Maybe you will like it in a fine nib. The color was soft and pale in my fine and extra-fine Japanese pens but more robust in a free-flowing Levenger True Writer. While I dallied with lots of other inks, the bottle just gathered dust. I share my office with several birds so that doesn’t take long. Anyway, a couple of weeks ago I decided to follow my own advice and loaded Vert Olive into a pen with a wide nib, the Lamy Joy 1.1mm italic. The color was better than good and improved still more when I slowed my strokes allowing more ink to flow onto the paper. Now this was the green I’d hoped for all along.
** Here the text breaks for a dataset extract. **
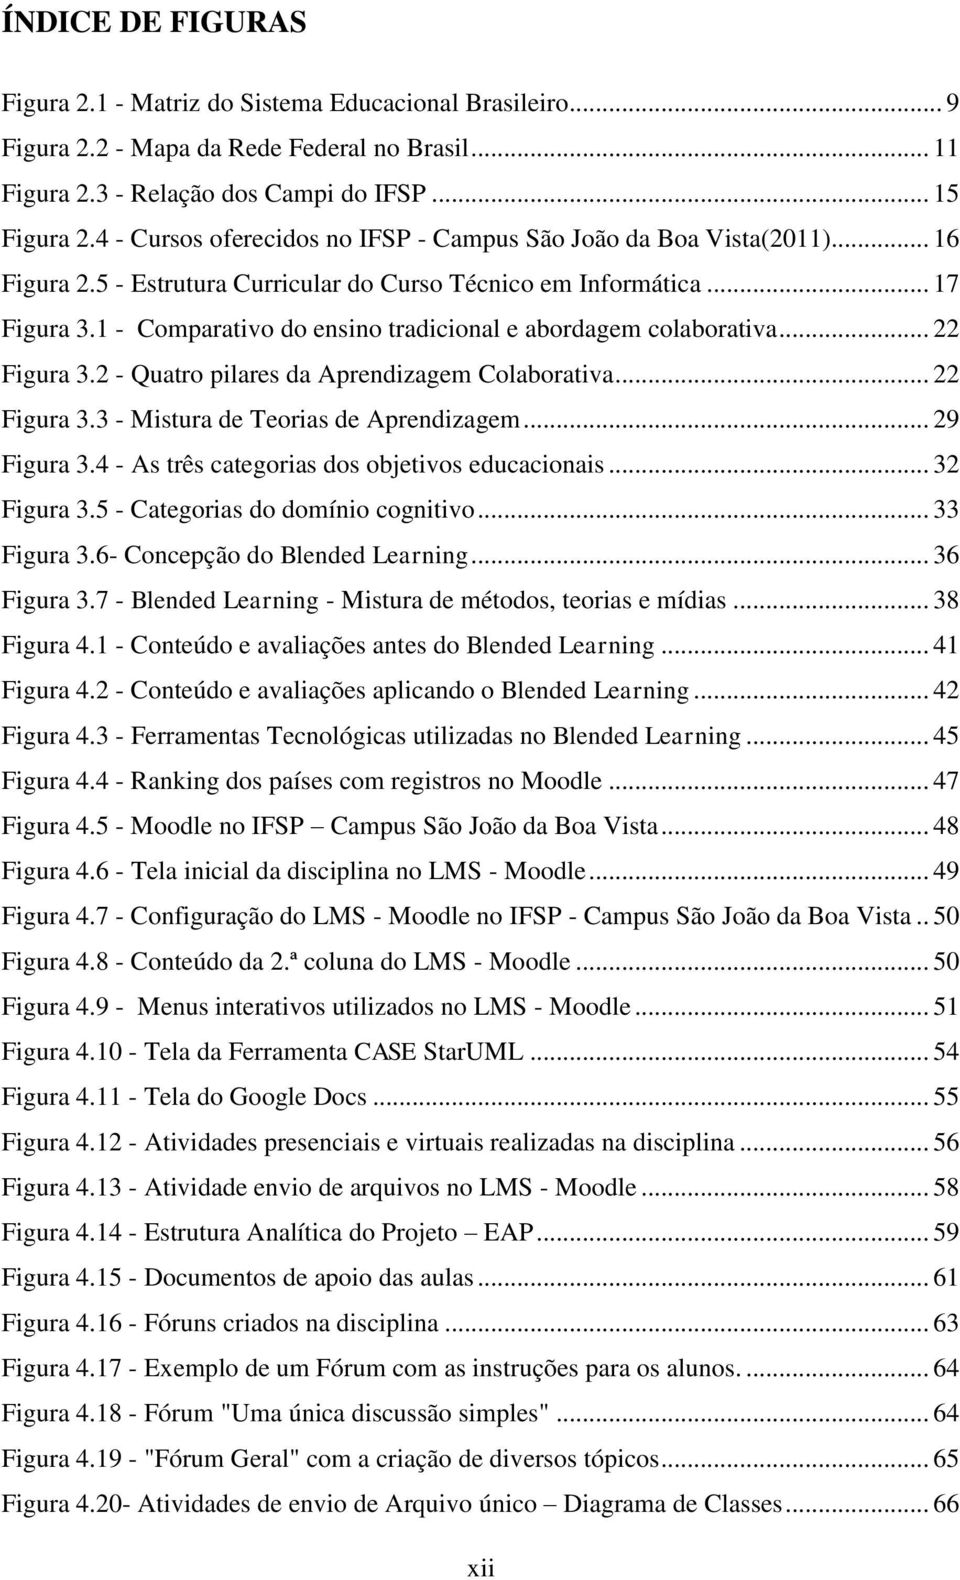 1 - Comparativo do ensino tradicional e abordagem colaborativa... 22 Figura 3.2 - Quatro pilares da Aprendizagem Colaborativa... 22 Figura 3.3 - Mistura de Teorias de Aprendizagem... 29 Figura 3.

On white paper Vert Olive has blue undertones and on a yellow based paper it has yellow undertones. Either way it is a bright olive color rather than the drab olive green that I associate with the military. I would have liked it either way. This is not a high saturation or high contrast ink but one that is very easy to read. It would be suitable for margin notes as well as correspondence and can hit a calm and relaxing note for journal writing.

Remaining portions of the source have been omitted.